These are all very good suggestions and, in fact, have already been considered or even discussed in the public tickets at one point or another. Let me explain why none of them has been implemented.
1 & 2: You can do that by exporting the jos_admintools_adminiplist (IP whitelist), jos_admintools_badwords (bad words list), jos_admintools_ipblock (black list), jos_admintools_redirects (URL redirections) and jos_admintools_storage (WAF and .htaccess Maker settings) tables using phpMyAdmin or any other SQL management tool (tip: they can all export to CSV). If you don't like phpMyAdmin and mucking around database tables, FreakedOut.de has a CSV import component which works with Admin Tools' URL and IP lists. Ask them if you're unsure. They're a very helpful bunch :)
The reason why this is not implemented in Admin Tools is that the CSV is a very loosely defined format. It would take months and several failed attempts to create something which can work with CSVs produced by all versions of Excel, OpenOffice, Numbers, Google Documents, Office 360,... You get the idea. Not to mention that a valid CSV file may have fixed fields, fields separated by commas, semicolons, spaces, tabs, other character, enclosed in double quotes or not, and when there are double quotes inside a string contained in double quotes you can either escape them as backslash-double quote or as double double quote. I have already had the misfortune of attempting to write a CSV importer in Visual Basic about a decade ago. I wouldn't do
that again - nowadays I value my sanity much more :)
3: Do you mean the
the thoroughly documented "Project Honeypot integration" feature? What you described is exactly how that feature works. Maybe you have to configure the thresholds a little and/or enable the repeat offenders IP auto block further down the Configure WAF page.
4: This is very dangerous!
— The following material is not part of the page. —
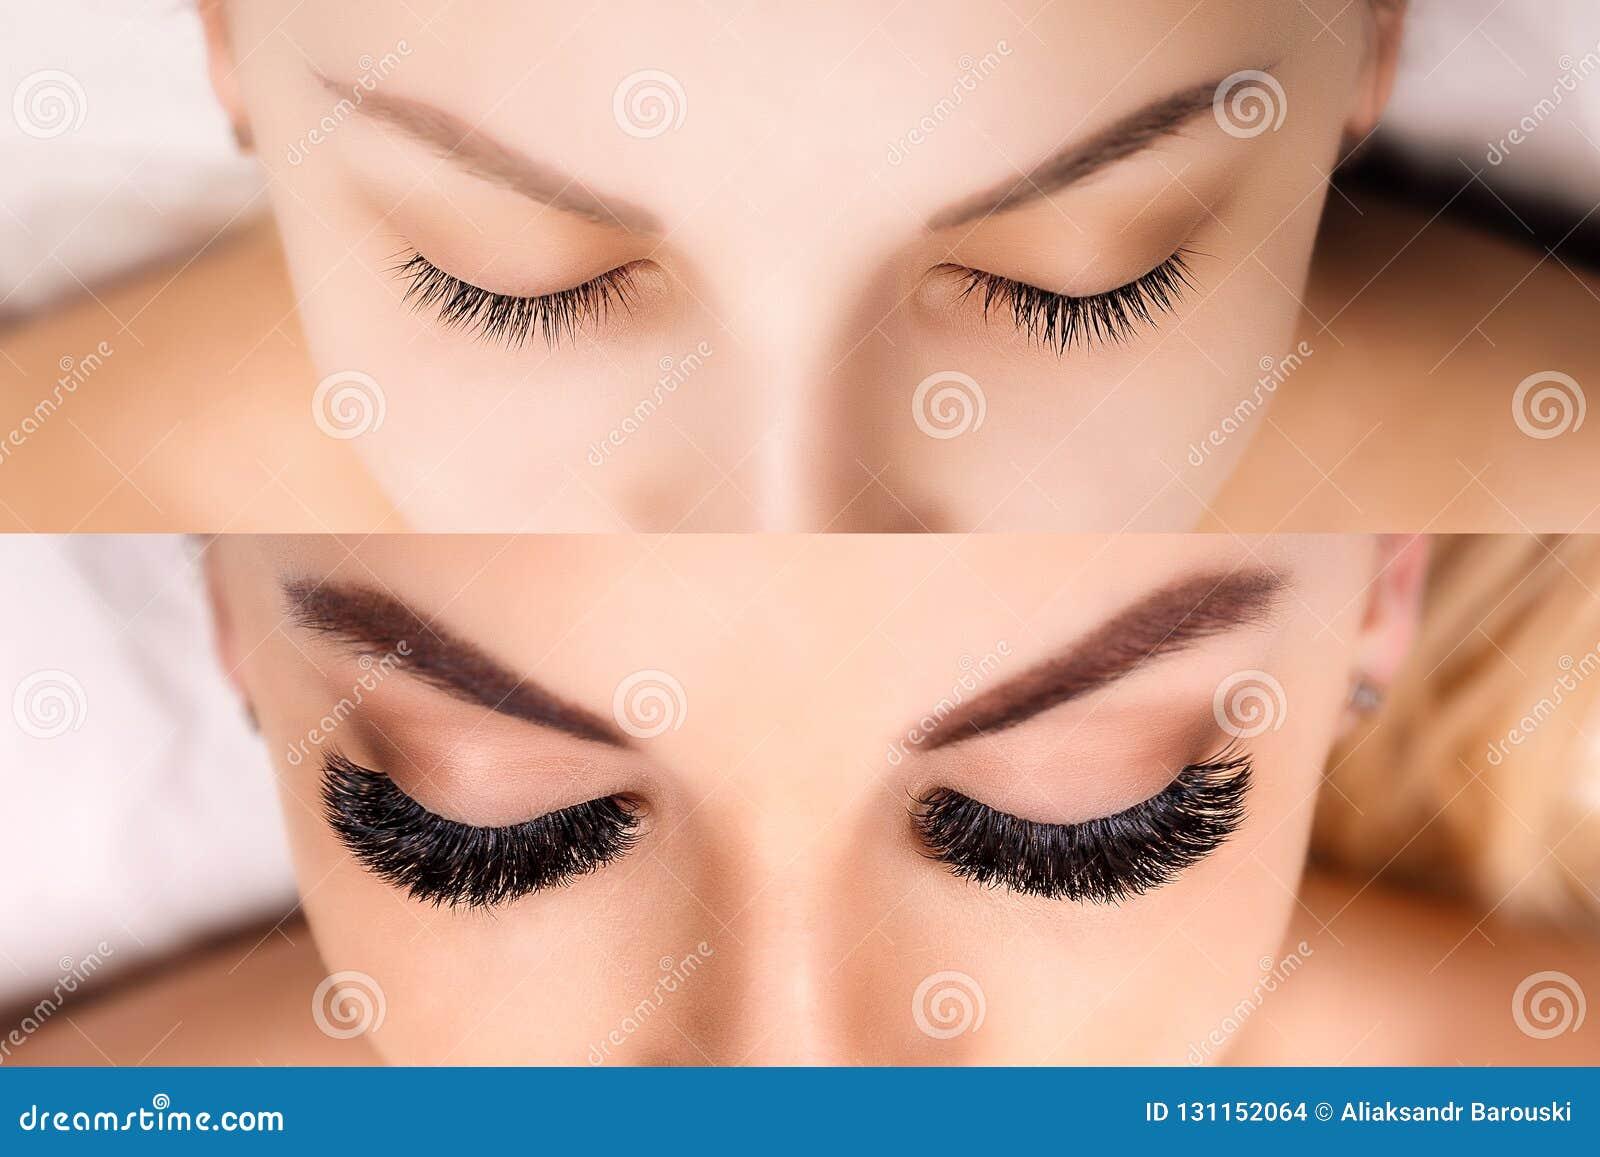 睫毛引伸 前后女性眼睛比较  好莱坞,俄国容量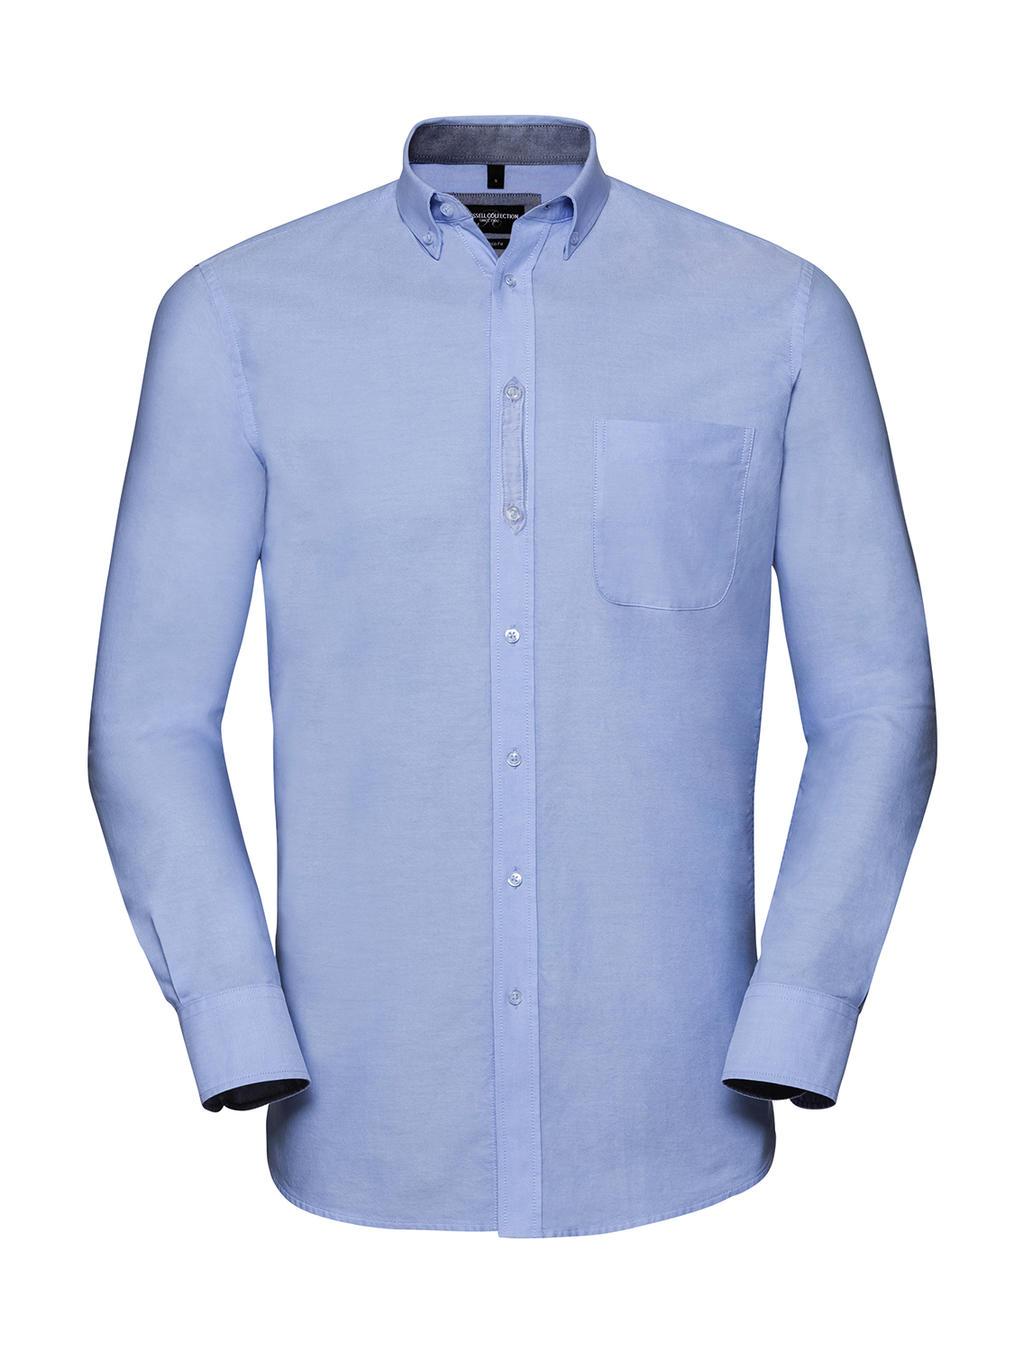 Pánská košile s dl. ruk.Tailored Washed Oxford - zvìtšit obrázek

One wrong click and you'll be adding your own IP or the IP of your client to the list. That's why there are only links to automatically add/remove a single IP to/from the IP black list. Furthermore, I consider permanent IP blocking an ineffective and wrong measure. Any decent hacker/spammer will cycle his IP address every few hours. Blocking his IP hours after the event will simply block an IP address which may later belong to a legitimate user trying to access your site. I consider the automatic IP block (which automatically blocks IPs during an attack spree and only for a limited time) the best way to keep these attacks under control. After all, that's how server-level firewalls work, blocking IPs automatically for a limited time, triggered by attack patterns.